Let's say we have to support such situations, too.
- dts owned by u-boot??
I'm not sure about this. I tend to believe the dts belongs to the kernel.
Some questions/issues:
- ownership of .dts is problematic. I hate having a file duplicated
by both u-boot and kernel. However it also seems bad to make the build of either depend on the user grabbing a dts from some third party. Ideas? A concrete example would be the MPC8349 ADS/SYS/MDS port. Boards ship with an "old" u-boot, thus we need a kernel wrapper with .dts. However, newer u-boot's can (hopefully will) have a dts in them
Can we provide the dts as a separate blob that gets built with the kernel image? From U-Boot's point of view, this could be a multi-file image which combines the dts and the kernel into a single file so that users don't have to care much about this.
The problem is that there are somethings that u-boot knows that needs to go into the blob (memory size, boot args, initrd info, frequencies, etc.)
- updating of dts: In case 1, this is trivial since its part of the
kernel blob. Case 2. is more difficult. What do people think of treating the dts like the environment. You have a version compiled
I don't like this idea.
in, but can alternately have a blob in another location that will be used if exists. This would allow one to update the dts portion w/o effecting the actual boot loader.
If we consider this, then we might as well combine the dts with the kernel image. Alternatively, the dts might be stored in a separate location in memory. It would be easy to extend the "bootm" command to take an additional argument (dts address).
How would we distinguish the bootm command that takes a blob versus the ones we have today?
- one solution to the copies of .dts is that we make the wrapper
portion of the kernel the owner of the official latest and greatest .dts. Every so often a maintainer can sync their .dts with u-boot to keep them relatively in sync. However, the main mechanism would be to load the latest .dts blob into the secondary location.
Why not load it separately or as part of the Linux kernel image?
As stated before, the main issue is doing some runtime fix ups to the blob before its handed to the kernel.
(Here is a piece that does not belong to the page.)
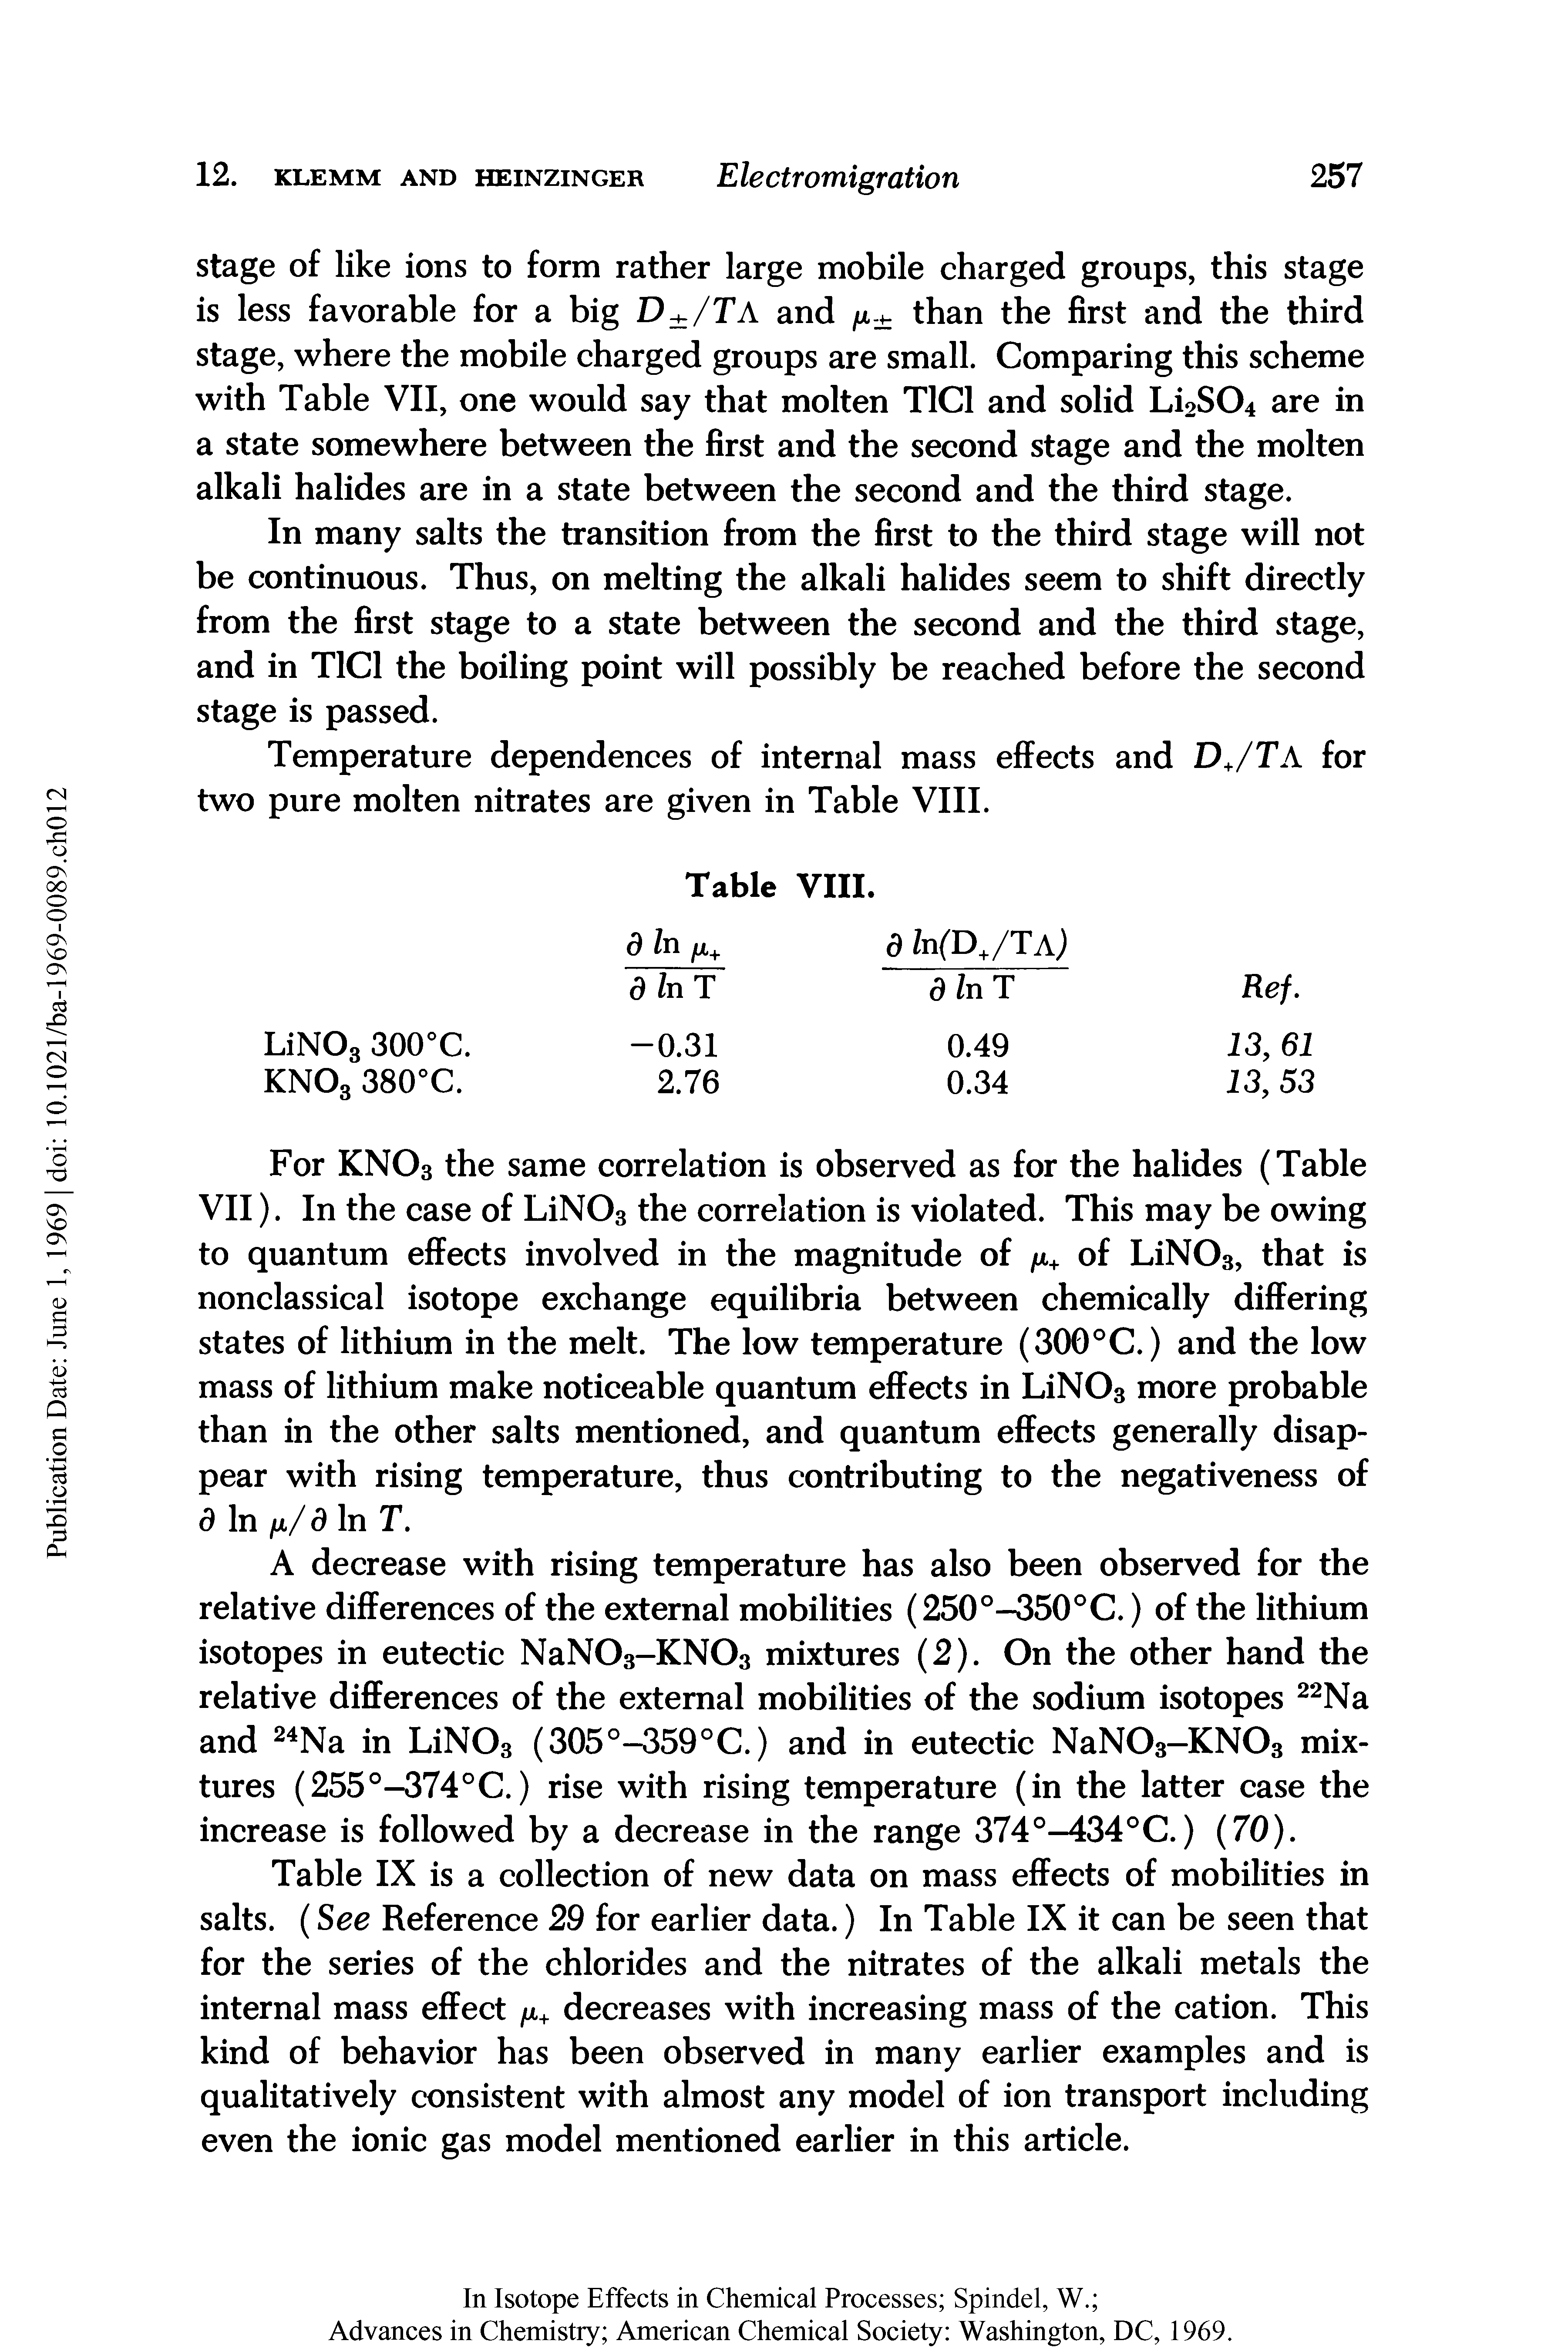 Table IX is a collection of new data on mass effects of mobilities in salts. (See Reference 29 for earlier data.) In Table IX it can be seen that for the series of the chlorides and the nitrates of the alkali metals the internal mass effect /x+ decreases with increasing mass of the cation. This kind of behavior has been observed in many earlier examples and is qualitatively consistent with almost any model of ion transport including even the ionic gas model mentioned earlier in this article.
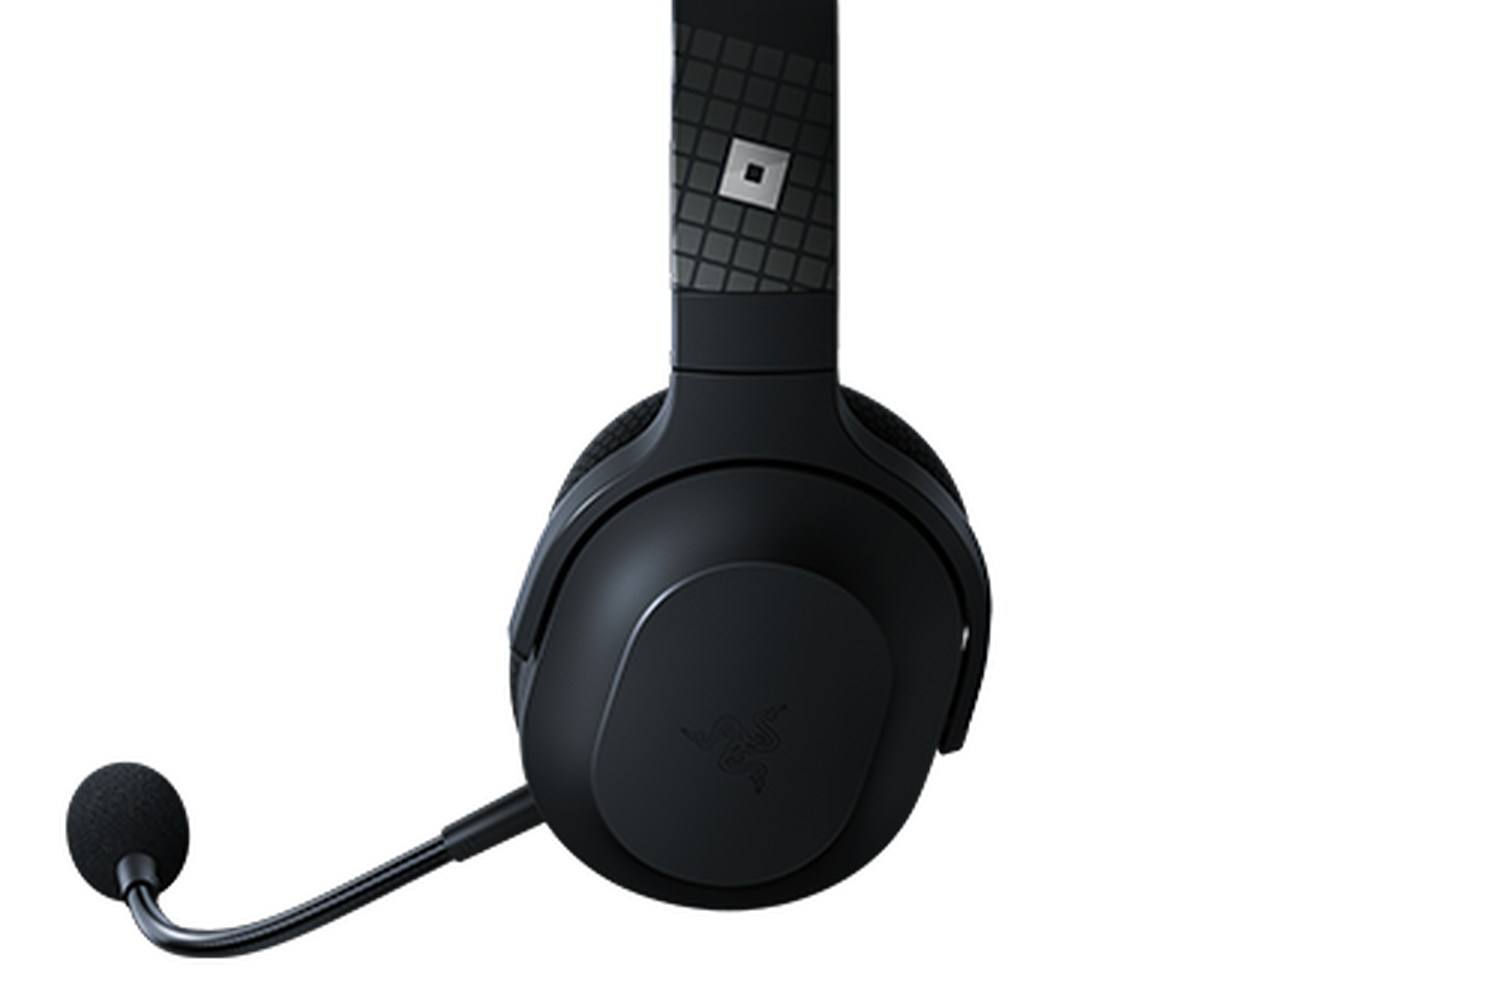 Razer Barracuda X (2022)-Wireless Multi-Platform Gaming and Mobile  Headset-Roblox Edition-FRML Packaging – Plus Gaming

The following pieces of info are setup at runtime that are board specific:
linux,stdout_path cpus/<foo>/clock-frequency cpus/<foo>/timebase-frequency cpus/<foo>/bus-frequency <soc>/pci/bus-range <soc>/bus-frequency <soc>/serial/clock-frequecny <soc>/ethernet/address
We could hand bootm a memory location with a blob and do the fix ups at runtime, we would still have some coupling between the blob and u- boot build. At least the blob wouldn't be built into u-boot.